# Vizslas and Introverts



## redbirddog (Apr 23, 2010)

http://redbirddog.blogspot.com/2012/07/introverts-and-vizslas.html

One in three people are introverts. Maybe closer to half the population. But we live in a society that is geared for the extrovert's world.

A Vizsla makes a great introvert's dog. There are extrovert breeds, but my thesis is that a Hungarian Pointer is custom made for the introvert.

Open to discussion.

RBD


----------



## threefsh (Apr 25, 2011)

I agree completely, mostly because I am 100% introvert myself. I am actually the most outgoing when I comes to my pup. Most of the time I'd rather not talk with people, but ask me questions about Riley or the Vizsla breed in general and prepare to get an earful! 8)


----------



## VictoriaW (Mar 16, 2011)

Introverts here as well. And yes, I agree that the breed lends itself to people who want or need time for quiet introspection. 

Gracie is friendly, outgoing, and confident, but I think she is an introvert at heart...in the sense that she recharges with time spent on her own hunting in the woods, time snuggled up with familiar loved ones, a long hike with one other dog, etc. Crowds of dogs wear her out, the way crowds of people wear me out! She can have a blast in busy places, but that's not what makes her content & happy day in and day out. 

I've heard GREAT things about the book QUIET. Time to find my copy--


----------



## datacan (May 15, 2011)

Without the dog I find very little motivation to talk to strangers. 
Depends on how well the dog behaves in new environments. Everybody adores a well behaved and obedient dog.


----------



## Suliko (Sep 17, 2011)

Ha! Very interesting post  I hardly ever start a conversation first..! But once I start talking about my two girls, I literally can't shut up even when I see people are not that much interested. That's my extrovert side  
Because I enjoy my walks with just the two of them so much, I will turn around or choose another path to avoid other people coming our way... :-[ I feel like they're intruders in my Vizsla heaven! 
As for my two girls, Sophie seems more like an introvert and Pacsi - definitely an extrovert


----------



## mswhipple (Mar 7, 2011)

I am very much an introvert myself. I know how to be extroverted... that is to say, when I am in social situations, I know how to "turn it on" -- but that is not my true nature. And, yes, I think that Willie is the perfect companion for me.  I don't often come right out and say it, but I much prefer his company over the company of most people.  
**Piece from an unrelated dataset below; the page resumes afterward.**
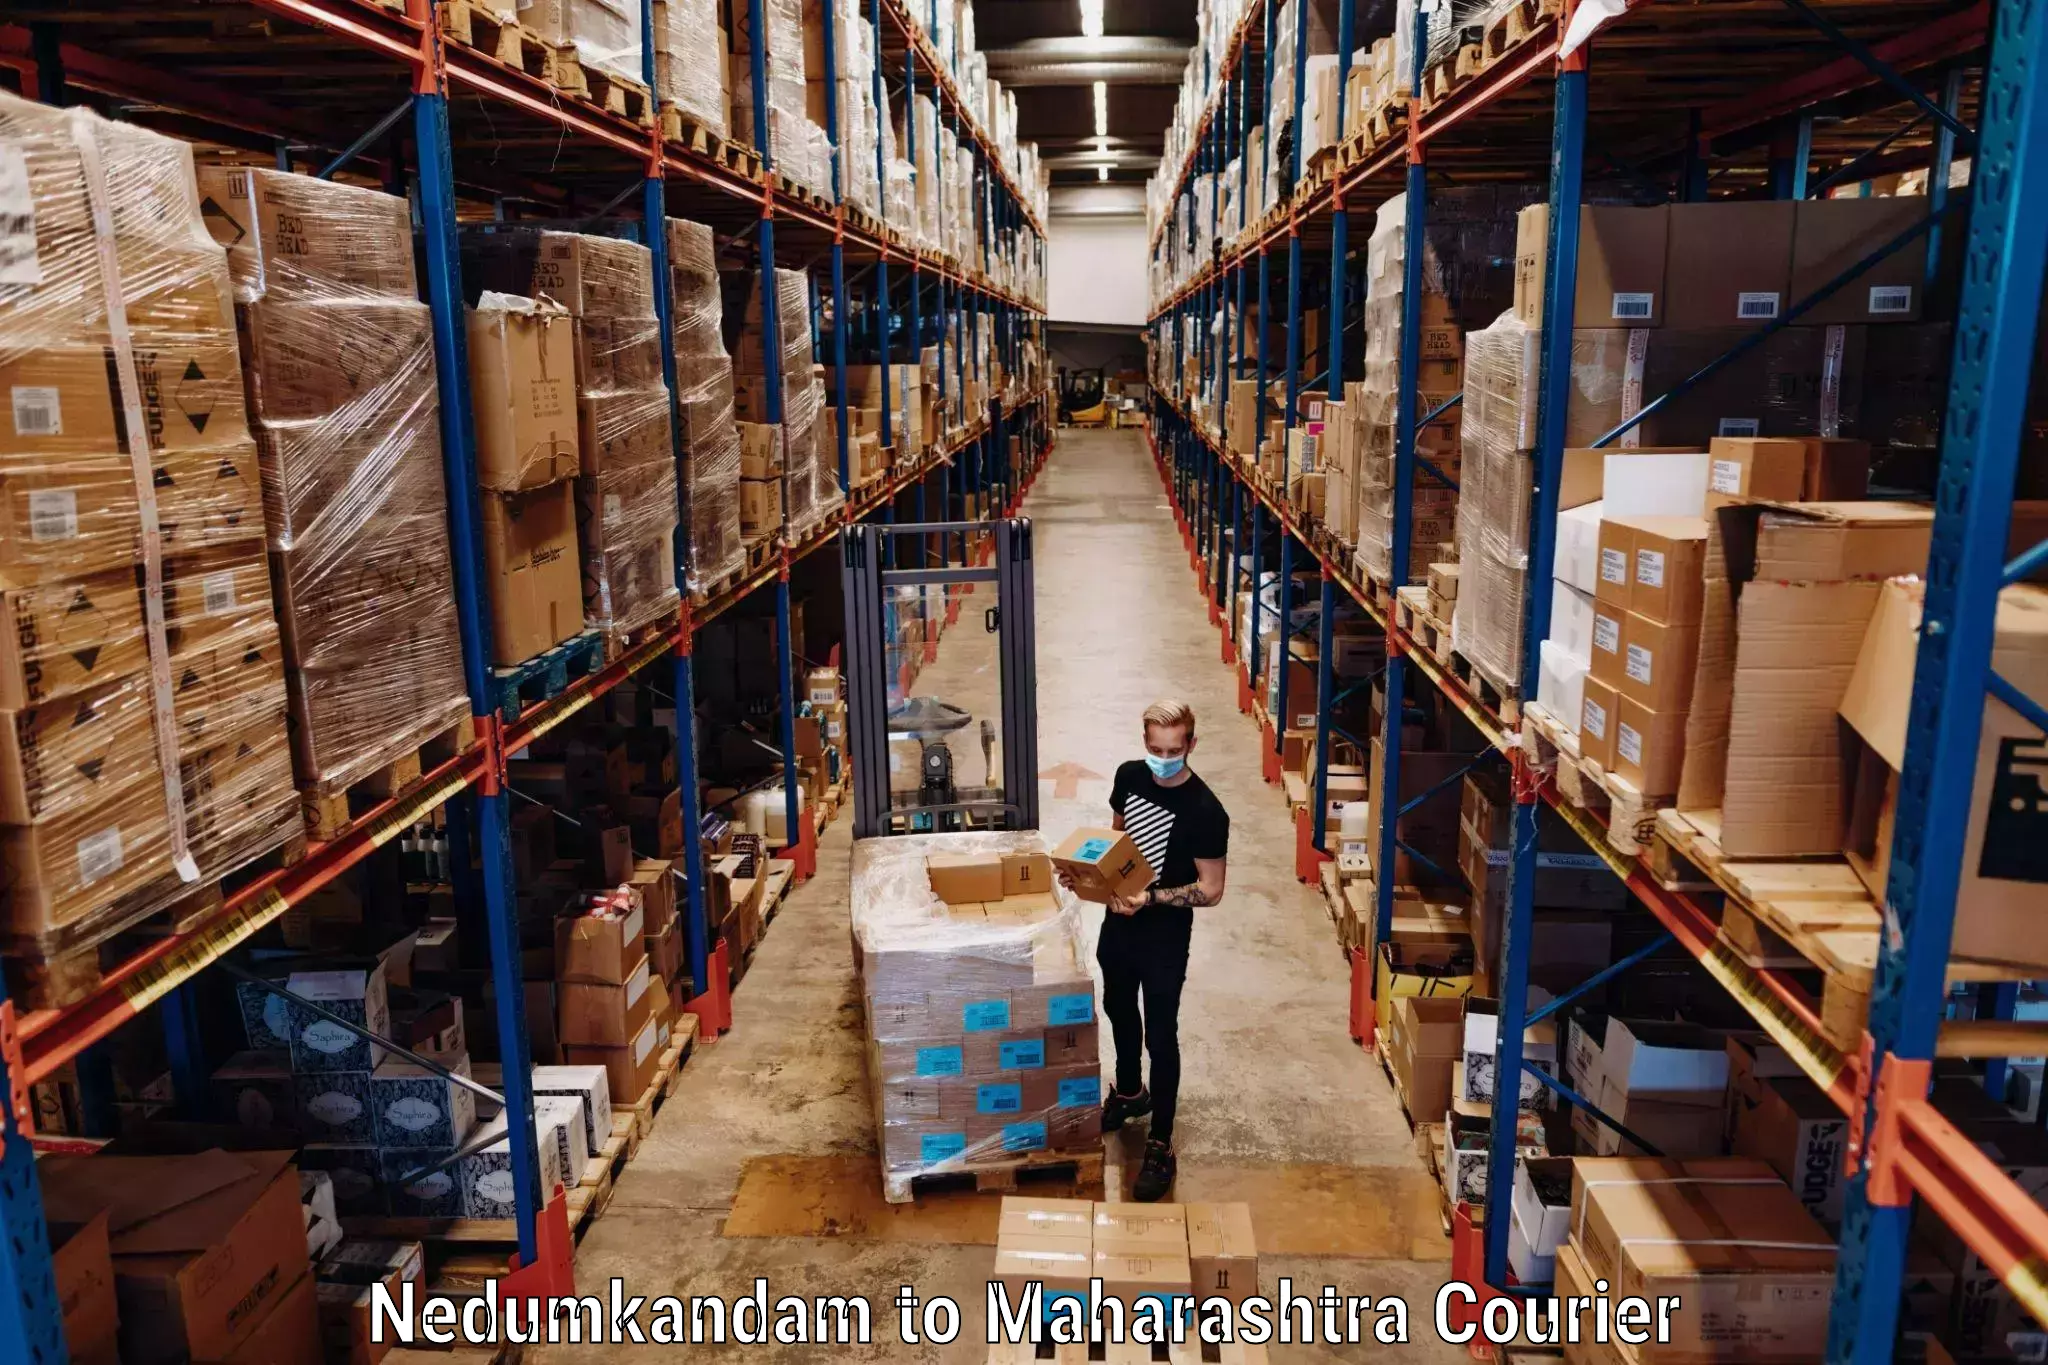 Luggage forwarding service Nedumkandam to Maharashtra

p.s. ... and I've always thought that the sign of a true friendship is when you are comfortable being quiet together.


----------



## hobbsy1010 (Jun 4, 2011)

Since acquiring our second 'V' River... I have noticed we have become quite a bit more introverted regarding our walks,
almost to the point that we seem to be in our own little 'Bubble' on our off lead walks!
Don't get me wrong the dogs still tend to shoot off to meet and greet other dogs but don't spend much time with this and back they come to us as a pair on the whole.
Can echo Suliko's traits regarding choosing quieter paths away from the 'Crowd's'. But on the other hand can also have similarities to Threefsh's post regarding 'Ear Full' when questioned over the breed!! (Very funny ;D ;D)
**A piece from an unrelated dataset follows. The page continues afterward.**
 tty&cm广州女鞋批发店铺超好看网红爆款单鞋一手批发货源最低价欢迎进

Reading back through my post I think I have all the early sign's of a 'Split Personality', which mirrors my dog's to a tee!!! :-\ :-\

Hobbsy


----------



## OttosMama (Oct 27, 2011)

I am introverted amongst new people and in new situations. Once I get to know you and feel comfortable, sorry, but it's hard to shut me up! That being said, I really value my alone time (or just hanging with Otto). 

I almost use Otto as an excuse at times to decline an invite for a night out! I don't like leaving him alone... But friends relent when I bring up my little man! 
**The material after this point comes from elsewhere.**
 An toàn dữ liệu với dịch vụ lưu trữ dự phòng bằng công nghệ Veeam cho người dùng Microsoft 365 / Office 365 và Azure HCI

Otto is a complete extrovert! He mingles with EVERYONE!

I think it's hysterical that Victoria and Suliko have also described themselves as introverted!! I never got that impression! Goes to show you how these dogs have the ability to transform us!


----------



## pippa31 (Aug 2, 2011)

What an interesting topic!

I find myself to be very shy with new people and new situations, but I'd like to be less shy. Pippa has actually helped me in that area...because she bounds up to say hello and many people ask me about her...which forces me to talk! :

*OttosMama* I am just like you! I often use Pippa as an excuse to stay home...really I just hate leaving her!!! Maybe we should all get together for a barbecue or something where we can bring our dogs?! (Of course, that would make me an extrovert, right? )


----------



## Lincolns Parents (Aug 6, 2011)

I'm am a extrovert and no problem starting a conversation with a total stranger...do it frequently while out and about on our walks and hikes. Lincoln on the other hand id say is an introvert...he doesn't like strangers one bit!  

Maybe thats why Lincoln and I get along so well.....opposites attract.


----------



## Veebers (May 20, 2012)

I'm a complete extrovert! As is my youngest daughter. 
My husband, whilst not introverted, is what i'd describe as the strong, silent type... and my eldest daughter is very shy, sweet natured and sensitive.
Not quite sure of my little man's personality yet as he's still so young (10 wks) but I'm sure he will benefit from having a slightly eclectic mix of people around him! 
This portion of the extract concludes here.